— Бабушка, какой же ты ефрейтор? Ты ведь была старшим сержантом.
— Это позже. Сначала рядовая, потом ефрейтор и даже дважды ефрейтор, — Лидия Борисовна заулыбалась…
— Такого не бывает.
— Всякое бывало. Забыл начальник, и опять в приказе — ефрейтор… Долго дразнили девчата: «Гвардии… дважды ефрейтор!..»
— А где твои погоны? Почему не носишь?
— Не знаю, куда они подевались…
(Теперь внучка, а раньше дочка все допытывалась: «Где погоны?» Она нашла их все же и тайком пришила — криво, косо — к новой шелковой блузочке.)
— А Ковтуна в тыл не отправили?
— Нет, лечили у себя. Он все звал: «Лида! Сестричка!..» Только уйду, а он опять…
— А ты бы не отходила от него…
— Нельзя, Оля. У меня их было много. Тому перевязку, тому уколы, этого на операцию… Я и сама, как только свободная минутка, — к нему. А то побегу на кухню, выпрошу у девчат что-нибудь вкусненькое и — счастливая! — несу ему.

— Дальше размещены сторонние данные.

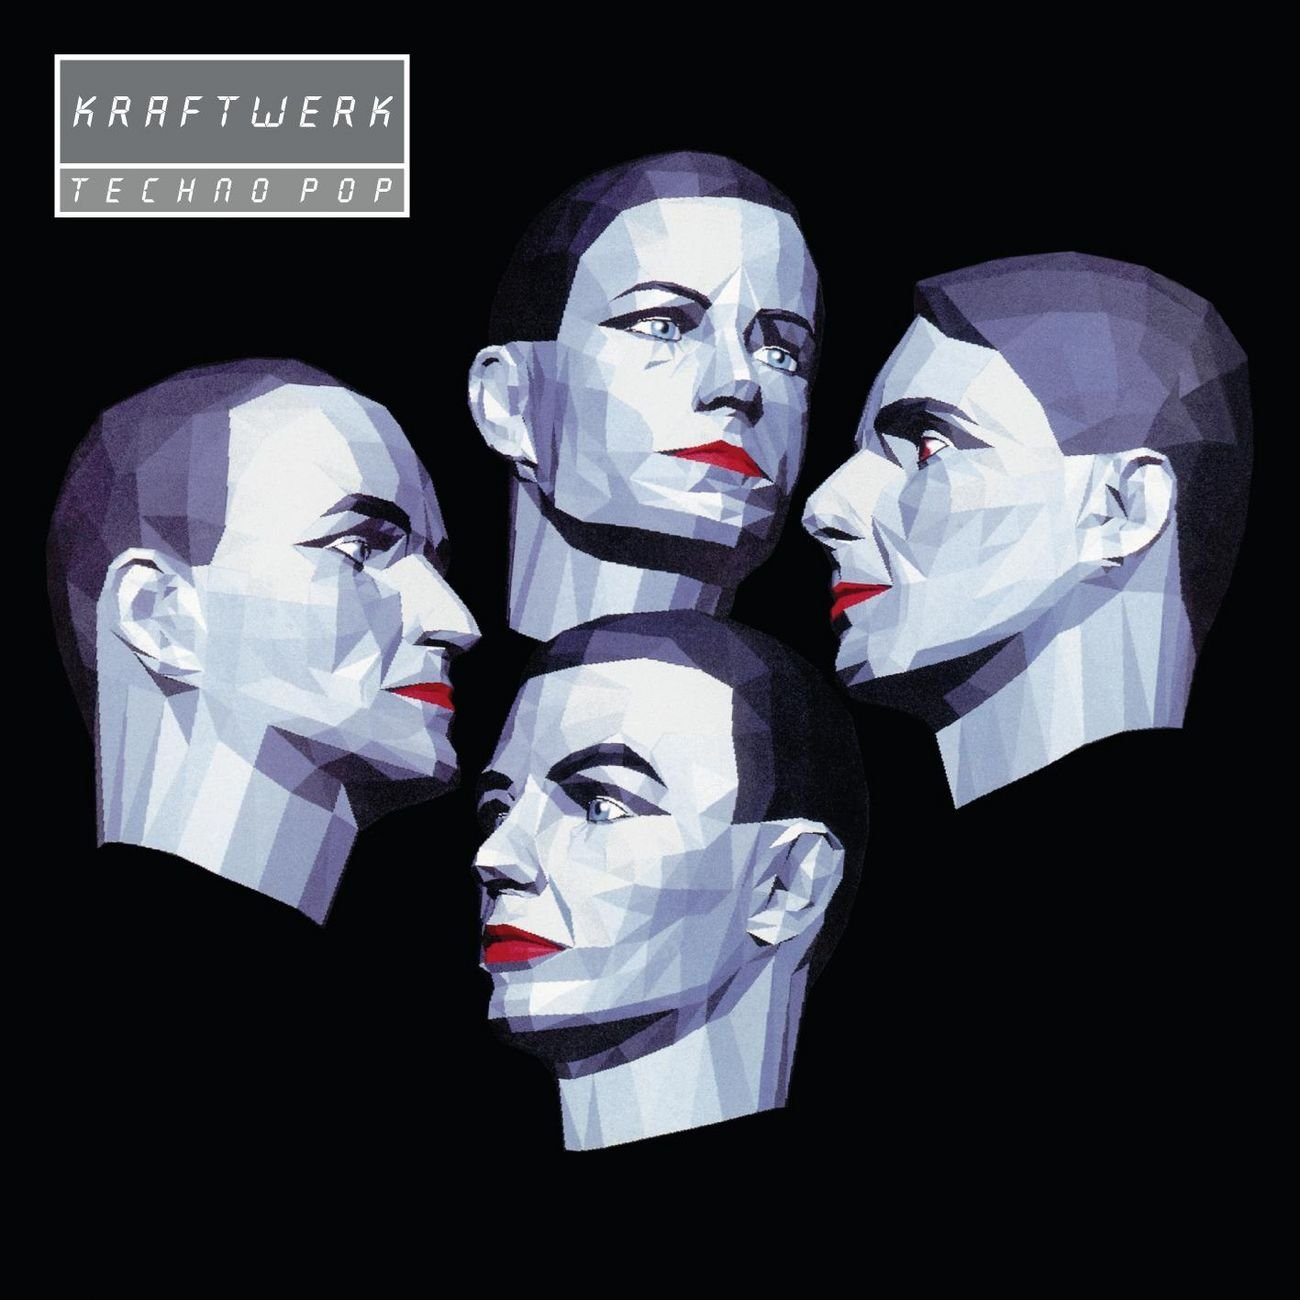 Kraftwerk - Techno Pop (2020) [FLAC] Download

— А конфеты, печенье ты ему покупала?
— Где ж их было взять? Война… Кусок сахара и тот был лакомством.
— А мороженое?
— И мороженого не было. Попрошу кухарок — коржик или картофельную оладью испекут. А то позовет — и жалобно: «Лида, почеши мне ступню…» Ноги же в гипсе, чешется. Чешу… А меня другие раненые ожидают. «Уже?» — спрашиваю. «Еще немного». Ладно, еще немного. «Ну я побежала!» А он кричит: «Куда? А вторую ногу?»
Оля засмеялась.
— Я его люблю, дядю Ковтуна. Он хороший… — И строго нахмурив брови: — А ты все делала, чтоб ему было легче?
— Ох, все мы все делали, — покачала головой Лидия Борисовна. — Пришло лето. Тепло, зелено… И на душе радостно — уже наступаем, уже гоним фашистов. А Ковтун — все в постели. Подошла как-то — он на тополь за окном смотрит, а на глазах слезы. «Хочешь на солнышко?» Позвала девчат — и с третьего этажа во двор, под тополь. «О-о, солнышко!» — обрадовался как ребенок. Это, внучка, уже был сорок четвертый год. И теплое лето. А перед тем какие ж нам лютые зимы пришлось вынести!
(Бывают минуты, когда нужно помолчать. Когда всем существом ощущаешь в себе холод сорок второго года. Беспощадную сталинградскую зиму. Сколько было раненых! Дни без передышки, ночи без сна. Какой там отдых, какой сон, когда кровь и кровь, операция за операцией… Один раз хирург, которому я помогала, побелел, зашатался, чуть не упал. Двое суток на ногах! Протянул мне пилу — пили! Я — руки за спину, губы дрожат: «Не могу!» «Пили!» — крикнул.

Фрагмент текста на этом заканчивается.